Água e moradias, contradições do governo Agnelo



Árvores não resistem à enxurrada na Vargem da Bênção

Rosane Garcia
Desde 2012, 24 chacareiros da Vargem da Benção vivem com a espada do despejo sobre a cabeça. A maioria deles é pioneira, convidada pelo então presidente Juscelino Kubistchek para formar um cinturão verde voltado ao abastecimento da nova capital no início da década de 1960.  Meio século depois, os convidados tornaram-se inconvenientes para o governo do Distrito Federal, que planeja implantar nas terras nas quais eles moram e produzem um megaconjunto habitacional, com 24.640 blocos de apartamentos de quatro andares, para receber 120 mil pessoas, pelo programa Morar Bem,

A Vargem da Bênção fica a 40km do Palácio do Planalto, às margens da BR-060 (Brasília-Goiânia).  As propriedades estão distribuídas nas duas margens do córrego que dá nome ao local, entre as cidades de Samambaia e do Recanto das Emas. Trata-se de uma Área de Proteção Ambiental (APA), que abriga muitas nascentes e uma fauna diversificada de espécies do cerrado.

“Querem implantar o maior conjunto habitacional da América Latina, sem que tenham feito os estudos de impacto ambiental e de trânsito, como exige a legislação”, denuncia Jeanete Souza, uma das muitas moradoras da Vargem da Benção que se opõem ao projeto governamental.   

A licitação para implantar o Parque das Bênçãos foi vencida pela construtora Mendes Júnior. Segundo ela, a área destinada ao empreendimento é ambientalmente frágil. No local, há muitas nascentes, que serão aterradas com obras do conjunto habitacional.

Contradições
Daí, surge mais uma contradição, entre as muitas do atual governo, que comemorou, em 26 de fevereiro último, a escolha de Brasília para sediar, em 2018, do Fórum Mundial da Água. O anúncio ocorreu em Gyeongju, na Coreia do Sul. O governador Agnelo Queiroz estava lá e declarou: “Esse é mais um importante passo para a vocação da nossa cidade, que está voltada para a preocupação com o meio ambiente e a qualidade de vida”.

Como sediar o Fórum Mundial da Água se é capaz de aterrar nascentes? O DF é uma das unidades da Federação que enfrenta o chamado estresse hídrico. A capacidade de produção de água empata com o consumo dos mais de 2,3 milhões de habitantes da capital federal. A situação é tão crítica, que a Companhia de Abastecimento e Saneamento Ambiental (Caesb) planeja usar o Lago Paranoá para garantir fornecimento de água para consumo humano e animal.

Na campanha eleitoral, o candidato Agnelo Queiroz prometeu construir 100 mil residências a fim de zerar o deficit habitacional.
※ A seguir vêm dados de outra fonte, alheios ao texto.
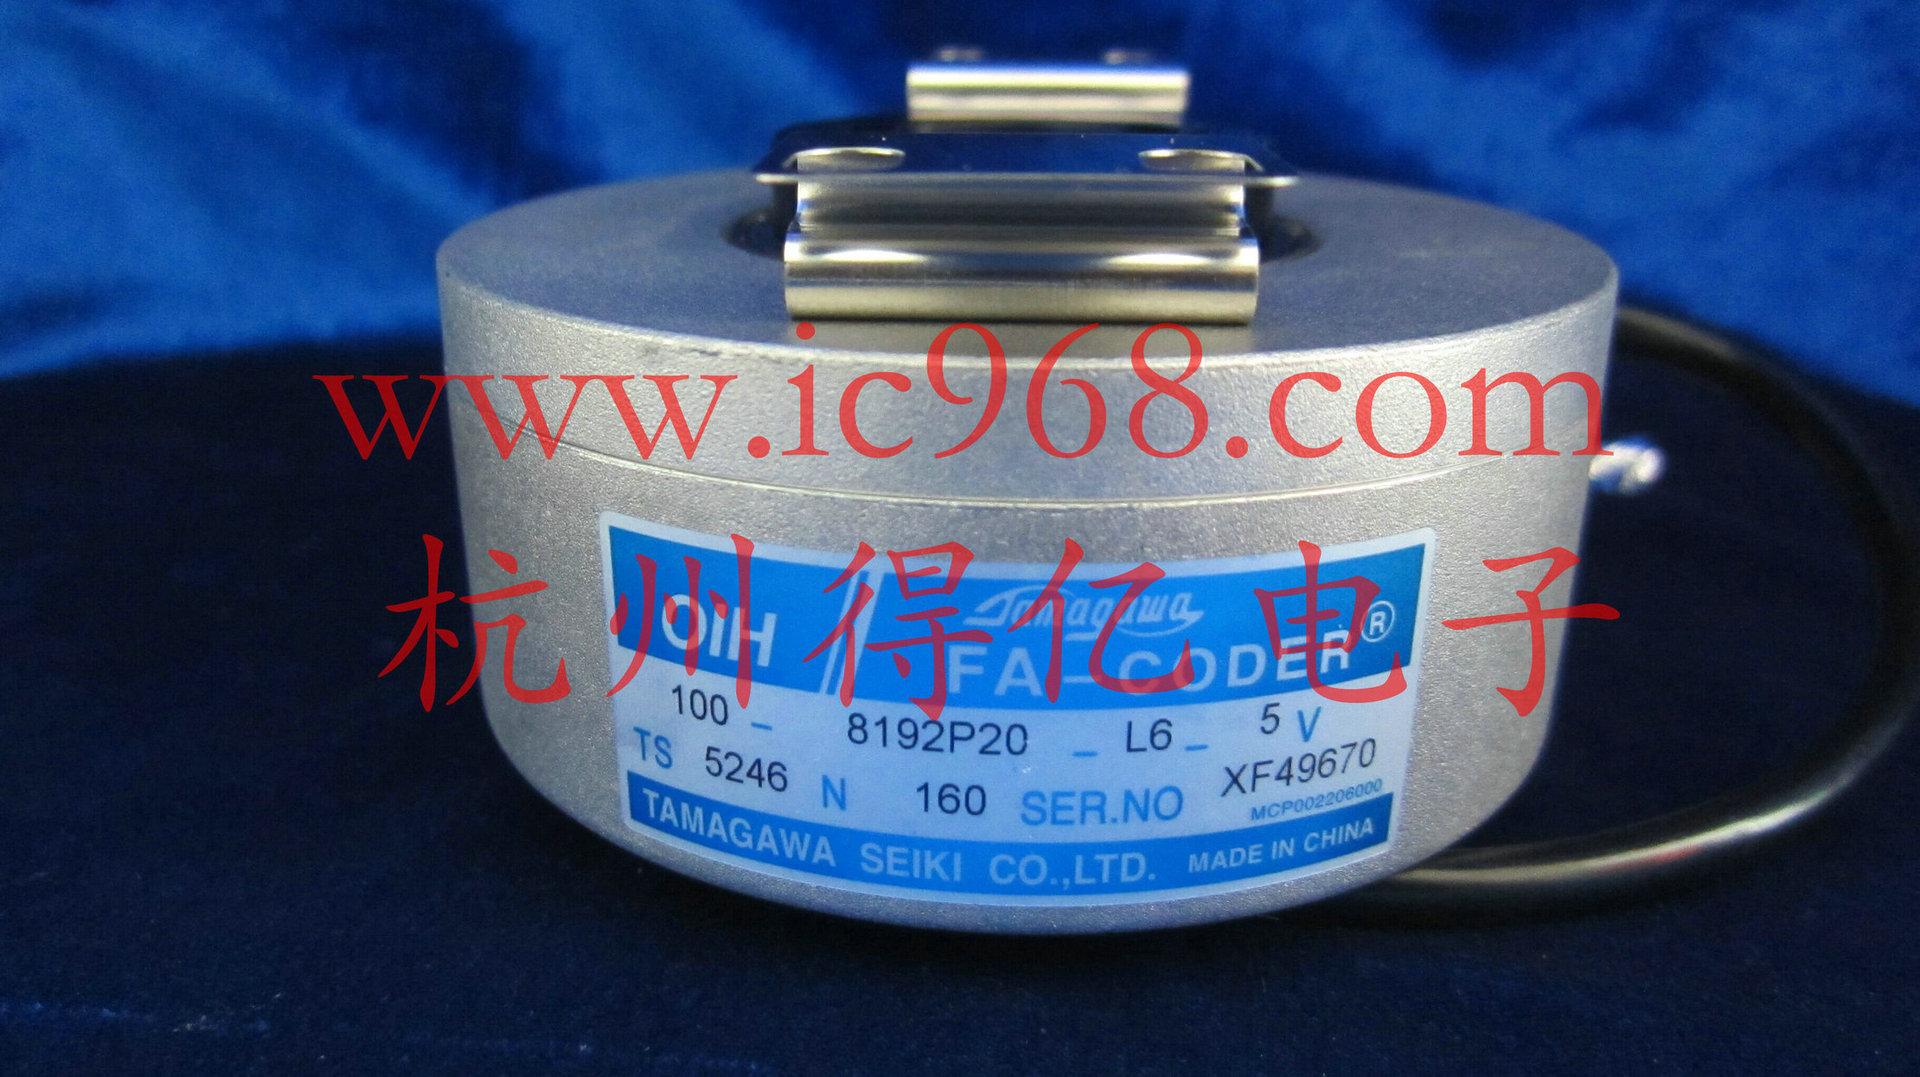 "-1){this.style.display=none;}"" />杭州得亿电子科技有限公司是一家专门开发、研制、生产光、机、电一体化精密检测仪器的高科技企业,专长于工业传感器、检测及自动化技术产品。代理品牌:日本:内密控NEMICON、光洋KOYO、多摩川Tamagawa、欧姆龙OMRON、莱茵LINE、MTL、东测TOSOKU、森泰克SUMTAK、日控NATEC韩国:奥托尼克斯Autonics、韩荣Hanyoungnux德国:倍加福PF、海德汉Heidenhain、图尔克Turck、亨士乐H"

Então, como justificar a retirada de famílias que vivem e trabalham há mais de 50 anos na Vargem da Bênção?  

O governo pretende ainda desalojar a Embrapa Cerrado, uma referência no campo da pesquisa agropecuária para o país e para o mundo. Na área, que abriga décadas de estudos, o Executivo brasiliense pretende implantar um conjunto habitacional a poucos meses das eleições de 2014. Ainda que a área fosse um espaço vazio, não haveria tempo hábil para erguer blocos e mais blocos de apartamentos a fim de dar uma satisfação aos eleitores. Mas não é o caso. A intervenção na Embrapa Cerrado significa soterrar, assim como as nascentes, um acervo incalculável de conhecimento.